Shields began his day by throwing a 92-mph fastball that Will Venable grounded to first for an out. Shields broke out his change-up for a seven-pitch battle with Logan Forsythe that concluded with a fly to right on that 94-mph fastball.

After missing with two fastballs to Jesus Guzman, Shields pulled even in the count by getting swinging strikes on a pair of 85-mph change-ups. Shields then broke out a 91-mph fastball for a called third strike.

“All that really matters to me in spring training is to get my work in,” he said. “Obviously, you want to get that timing, get the release points and all of that stuff (down). But for a first outing, it felt great.”

Shields, 31, was the guy the Royals wanted to head their rotation. He was, by far and away, their first choice after surveying the field.

“You scout all of the players, obviously,” general manager Dayton Moore said. “I think everybody anticipated that with the abundance of quality pitching that Tampa possessed, that there might be a pitcher or two available.

“Shields became available. We knew him well based on our scouting and statistical analysis. We knew, obviously, that he would improve our team.”

The price was steep.

The Royals surrendered outfielder Wil Myers, the consensus minor-league player of the year, along with pitchers Jake Odorizzi and Mike Montgomery along with third baseman Patrick Leonard for Shields, pitcher Wade Davis and utilityman Elliot Johnson.

“If you focus on what you’re giving up, emotionally, you really get involved,” Moore said. “You have to focus on what you’re getting and how it’s helping your team and the future of your organization.

“If we don’t start winning, we’re never going to be ready to win. We’ve got to start. I can’t predict we’re going to win our division or whatever, but we’ve got to start.”

The trade followed moves earlier by the Royals in the off-season to acquire right-hander Ervin Santana from the Angels and to retain free-agent Jeremy Guthrie.

“I think they’re trying to win,” Shields said. “I think Dayton did a great job of bringing in some guys — myself, Wade, re-signing (Jeremy) Guthrie and, obviously, bringing in (Ervin) Santana. For me, I’m excited.”

But Shields was the lynchpin.

“You see his work ethic,” Yost said. “He’s got incredible intensity. He’s a really competitive guy. You could tell from just watching him on the mound today. It was different.

“The intensity, the focus and the competitiveness when he stepped on that mound was really impressive. To me, it’s quite apparent he is what he is because of the way he goes about his business. He knows how to develop teammates, and he works at it really hard.”

Shields drew early praise from Danny Duffy, who told the world through Twitter on Feb. 11: “Been 2 days and i can already tell my dude Shields is one of the best teammates ill ever have. Solid solid dude.”
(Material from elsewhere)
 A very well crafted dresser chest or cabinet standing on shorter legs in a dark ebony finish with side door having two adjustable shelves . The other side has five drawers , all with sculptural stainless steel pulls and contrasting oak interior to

Another example occurred Wednesday when rotation candidates Luke Hochevar and Bruce Chen made their spring debuts in a 3-2 victory over Milwaukee. Other starting pitchers are not required to be on the bench in spring training when they don’t pitch.
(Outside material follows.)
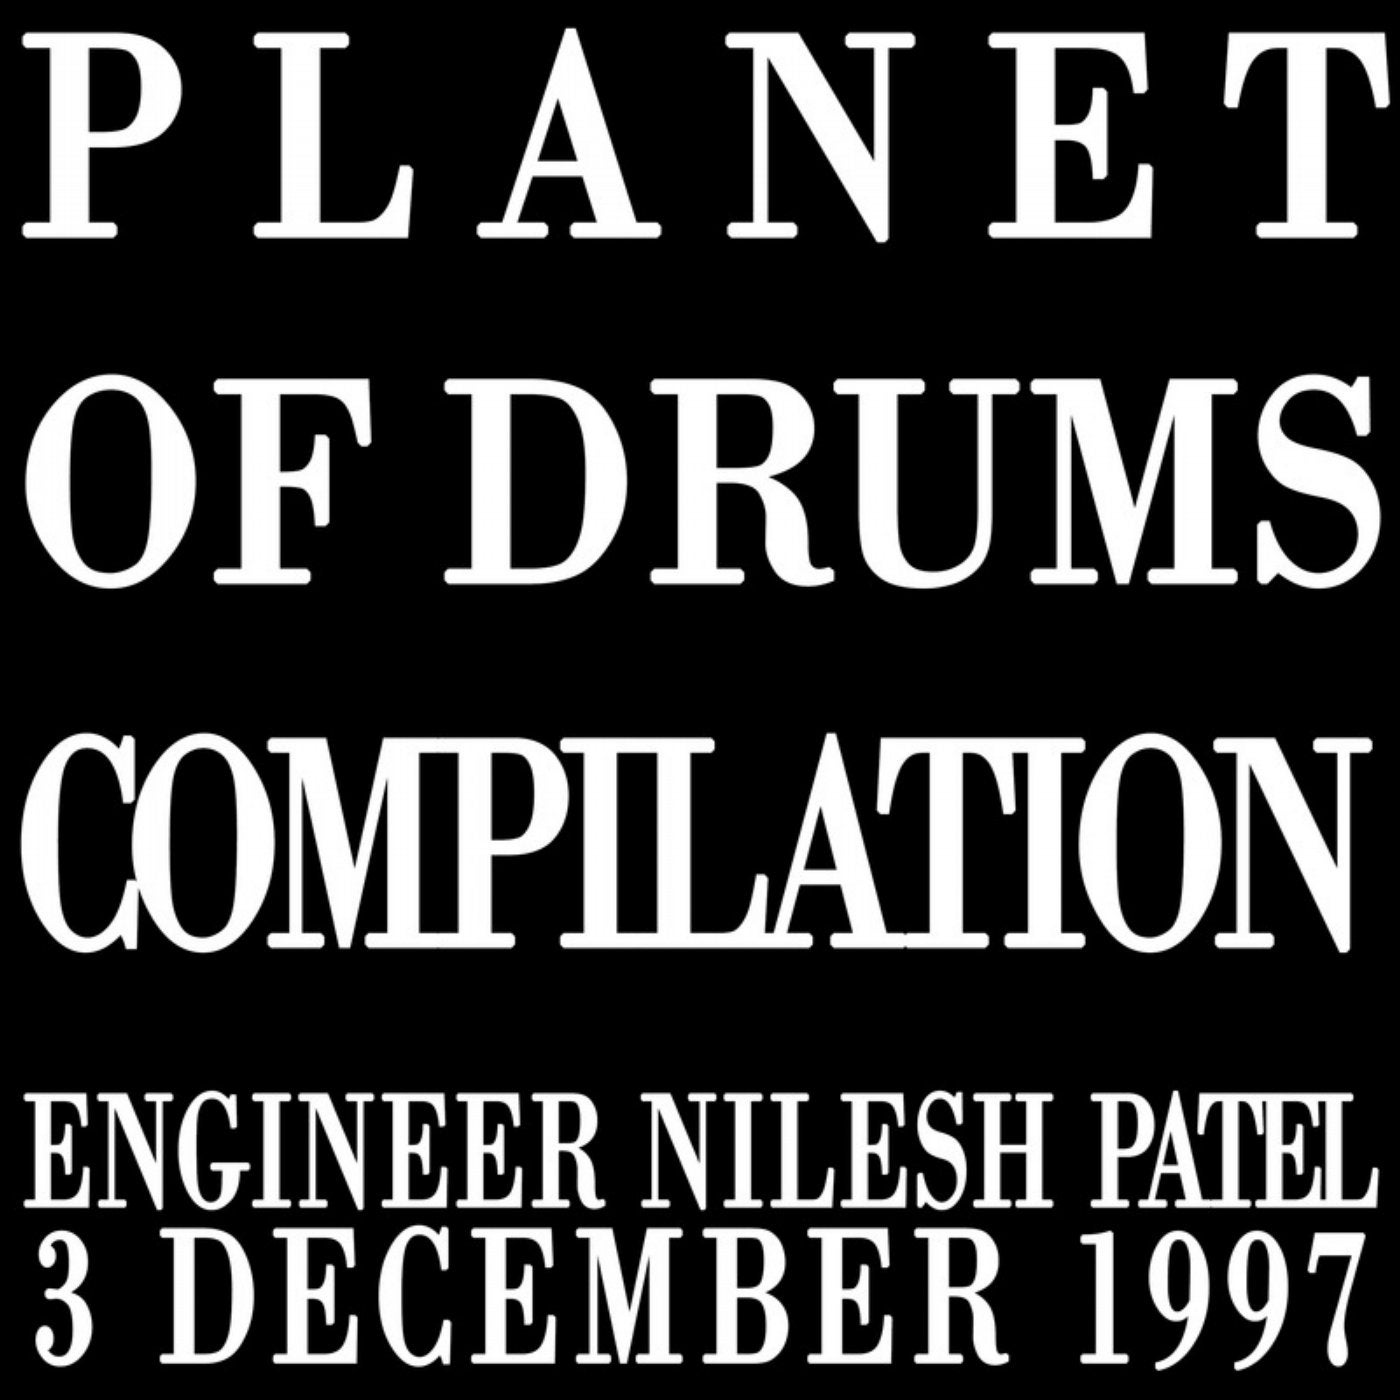 Planet Of Drums Compilation

Shields was there to watch Hochevar and Chen. So was Wade Davis, the other starting pitcher the Royals acquired in the big trade with Tampa Bay.
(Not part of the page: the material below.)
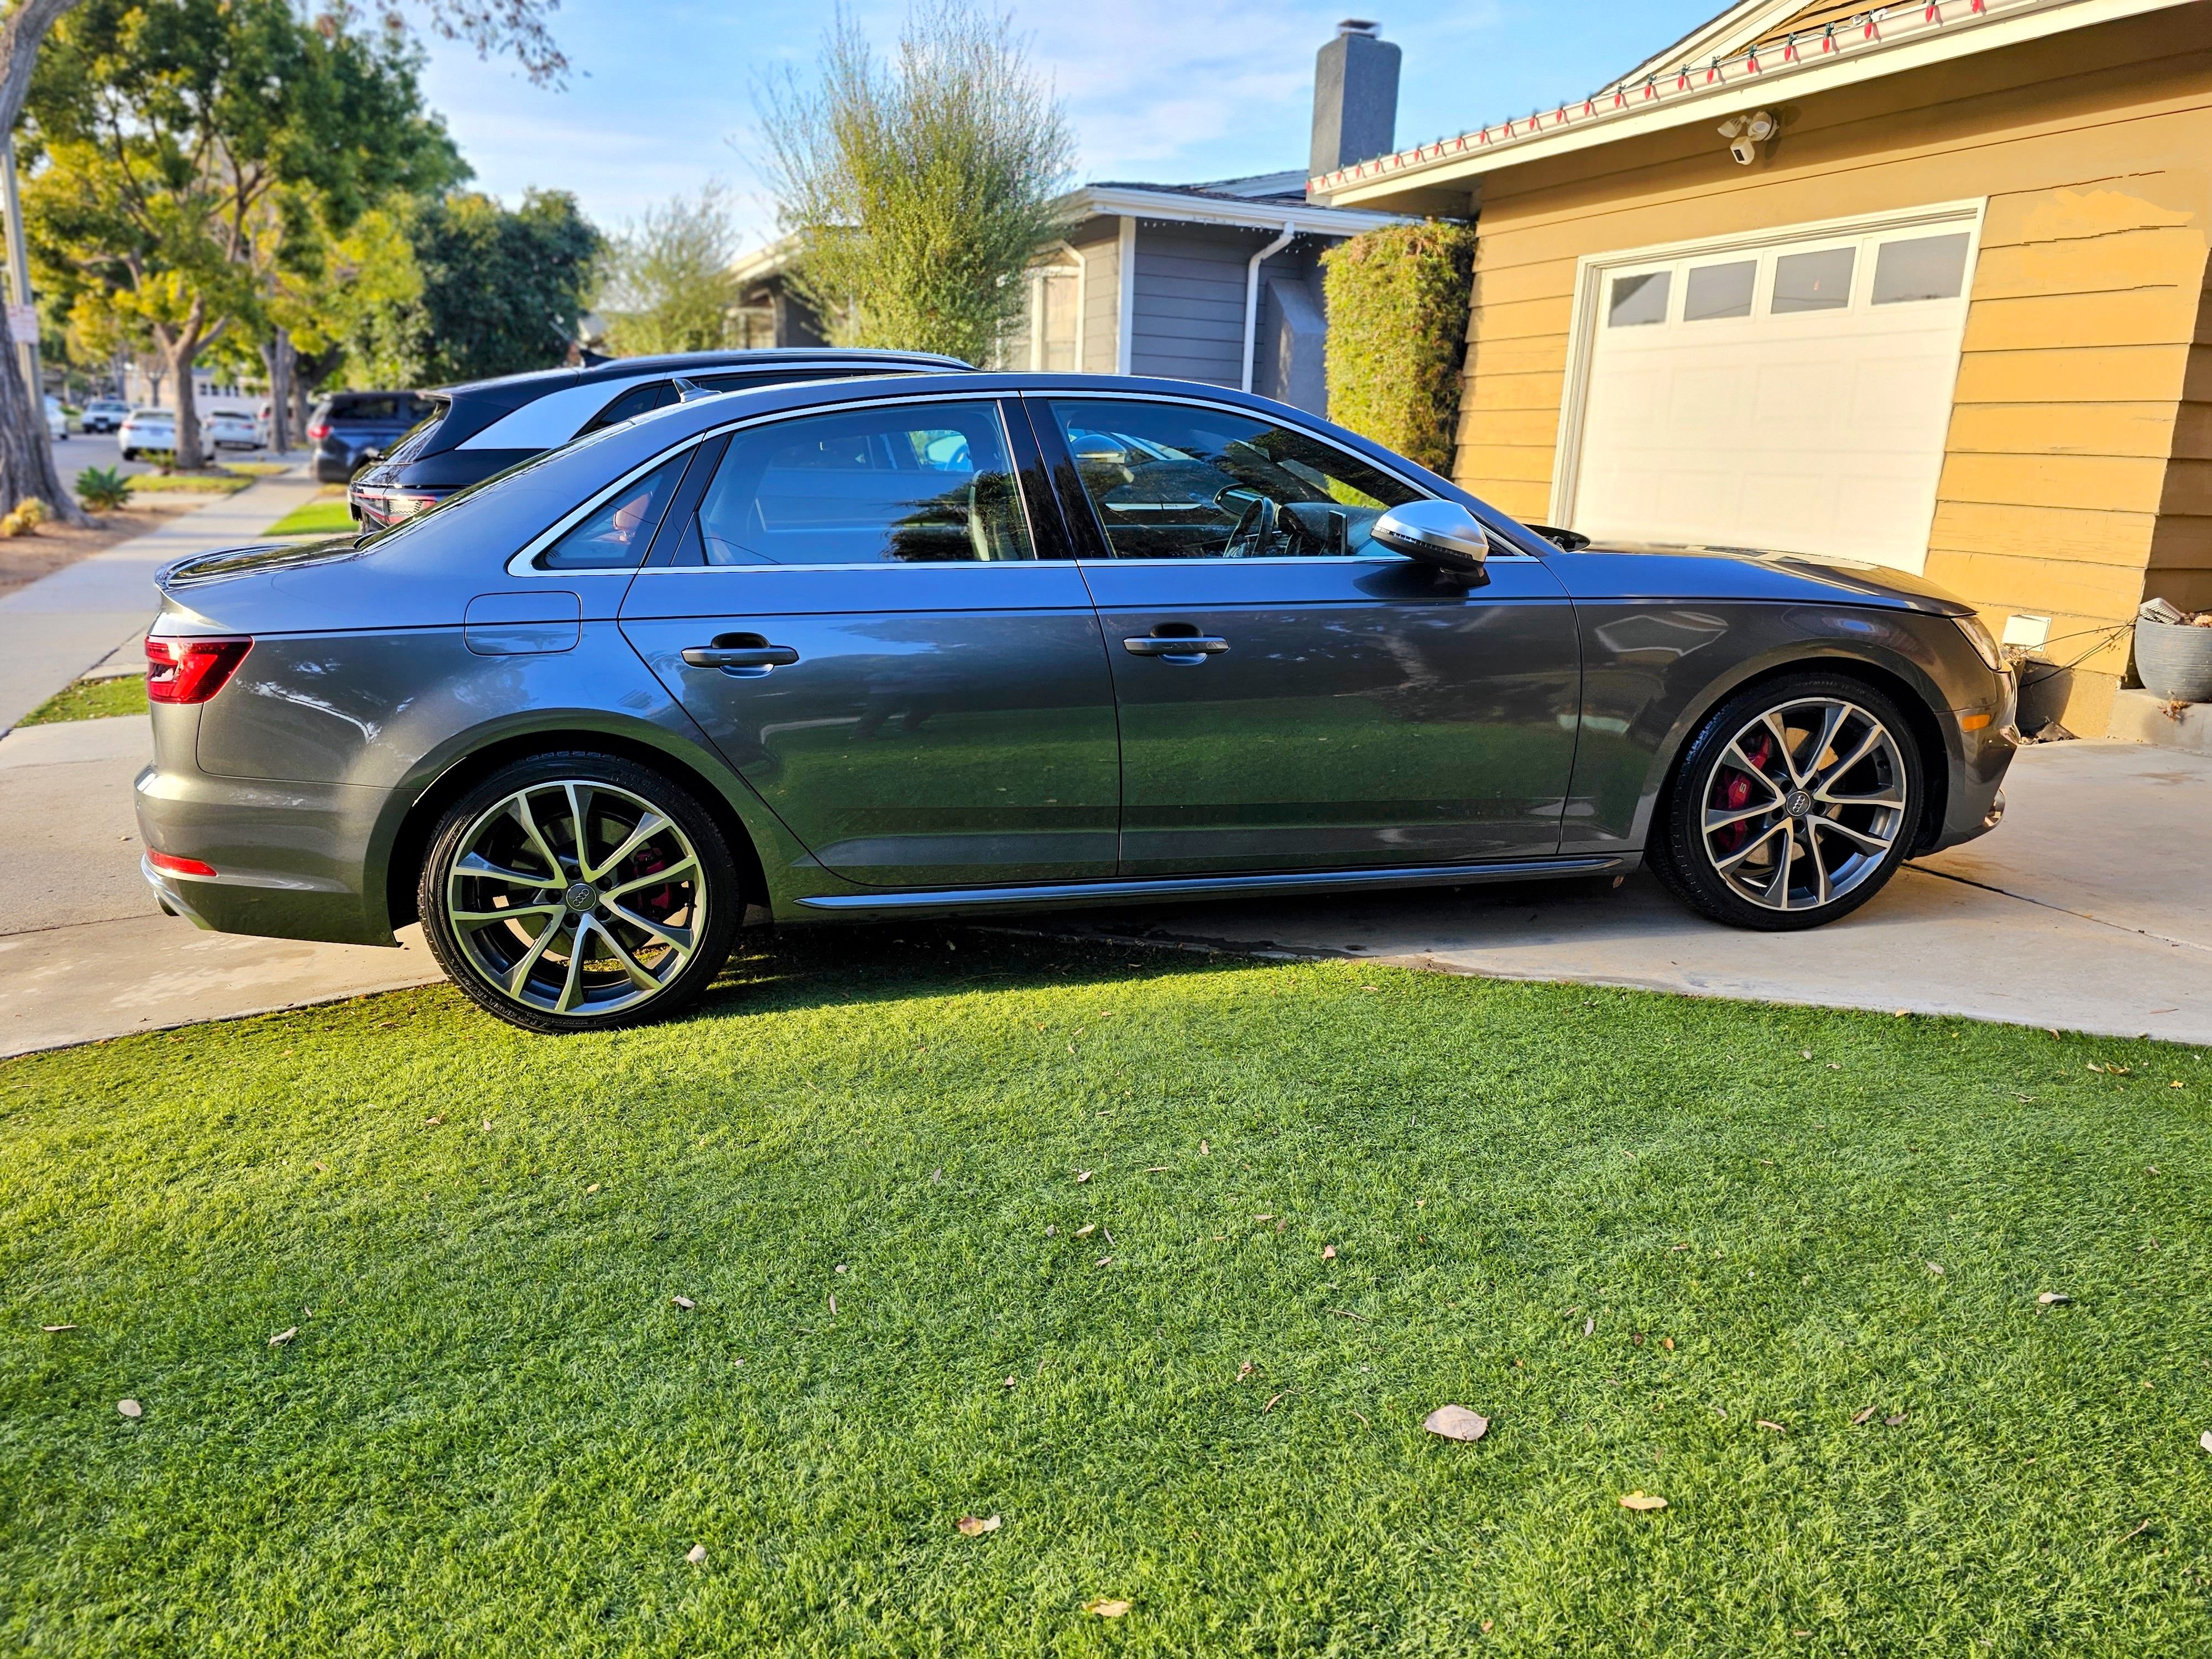 Used 2018 Audi S4 for Sale Right Now - Autotrader

“I’m a new guy,” Shields said, “and I wanted to take a look at their first outing and see how they are. I’m the type of guy who likes to talk to all of the starters. I’m all about feeding off each other.

“There might be some things that maybe (pitching coach) Dave Eiland may not see but players may see. I’m a big talker between starts with the guys to try to get everyone on the same page.”

The Royals delayed Shields’ debut until Thursday because Eiland believes six spring starts are the optimal number to prepare for the regular season.

“With this extra week (of spring training),” Eiland said, “if I put them in early, they get seven starts. That’s too many. They don’t need it.”

Shields also sees no need to push things early. One inning followed by another 15 throws in the bullpen were more than enough.

“Normally, we’re starting games in March,” he said. “We wanted to keep things simple and take our time with this thing. We’ve got a long season to go.”

True enough, but it’s hard to see Thursday as anything but a small step in the right direction.